Michael Angelo, that celebrated restorer of the arts of painting, sculpture, and architecture, expressed how infinitely he was charmed with Munster Village[45].—'What is really beautiful, said he, does not depend either upon fashion, or times; there may be different ways of expressing things in different ages; but there can only be one of conceiving them properly.' The temple, in which they were, was adorned with the paintings of Raphael[46], copied by an able artist. Lady Darnley, pointing to these, (and addressing him) said 'There is proof how much we fall short, how faintly we copy originals!'—Raphael replied, that her ladyship did him much honor; the pieces she had selected, had met with the suffrage of the public; but that, in his own acceptation, the cartoons were the best of his performances—which he apprehended a juster prevailing taste at present condemned: Otherwise the father of his people, approved of by Minos—so good so indulgent a prince to his subjects—would not lock them up from public observations.—Lady Darnley was here quite at a loss; she blushed, hesitated, unwilling either to refuse her sovereign taste or philanthropy!

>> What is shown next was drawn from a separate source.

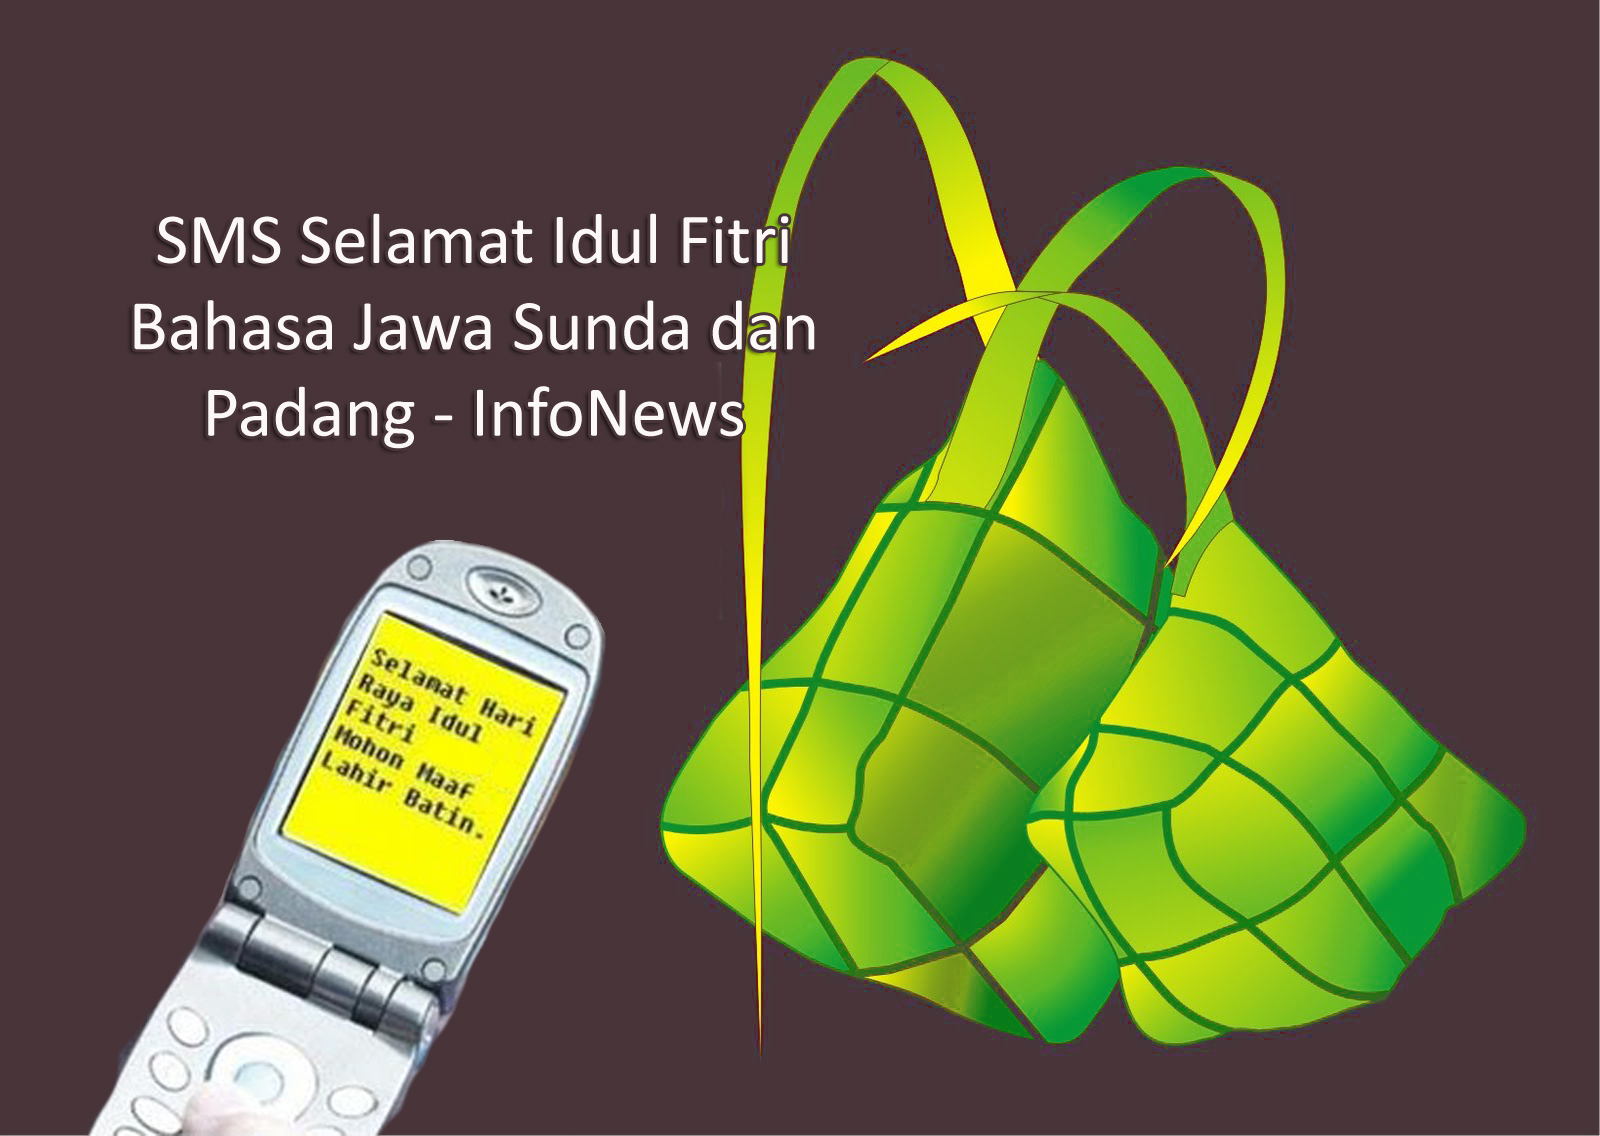 SMS Selamat Idul Fitri Bahasa Jawa Sunda Dan Padang InfoNews

Lawrence de Medicis perceiving her situation, in pity of her confusion, retired with his company.
Charon again landed a groupe of figures; their dress declared them English, of the reign of King Charles II—They proved to be the Duke of Buckingham[47], Sir William Petty, Mr Dryden, Mr Locke, Mr Waller, etc. The Duke addressed Lady Darnley with that polite address peculiar to himself in his age, and which has since been sedulously studied, to the prevention of qualities which it should only be the harbinger of—he expatiated on her merit; that she had obliged the whole nation, as every one individual might receive improvement or pleasure by her means.—Lady Darnley returned him a most gracious answer, still intimating her apprehensions, that the arts perhaps were not likely to thrive in this soil, where our pursuits, opinions, and inclinations, vary with the weather—that the declension of letters after the reign of Charles II. but too fully justified her opinion.—The Duke answered her, that indeed that was the common and received opinion, and that the reign she mentioned was the Augustan age in England; but that he had the honor to assure her, that a just taste was by no means then formed.—The progress of philological learning, and the Belles Lettres was obstructed by the institution of the Royal Society, which turned the thoughts of men of genius to physical inquiries.—To that body we were indebted for the discoveries relating to light, the principle of gravitation, the motion of the fixed stars, the geometry of transcidental qualities; but that it was left to her ladyship to revive the agreeable arts, for which her name must be handed down to posterity with honor.
The following dialogue ensued between Charon and a Beau.
Beau.—I have seen all parts of the world, and should like to take a view of Elysium, being rather tired of this side of the Styx.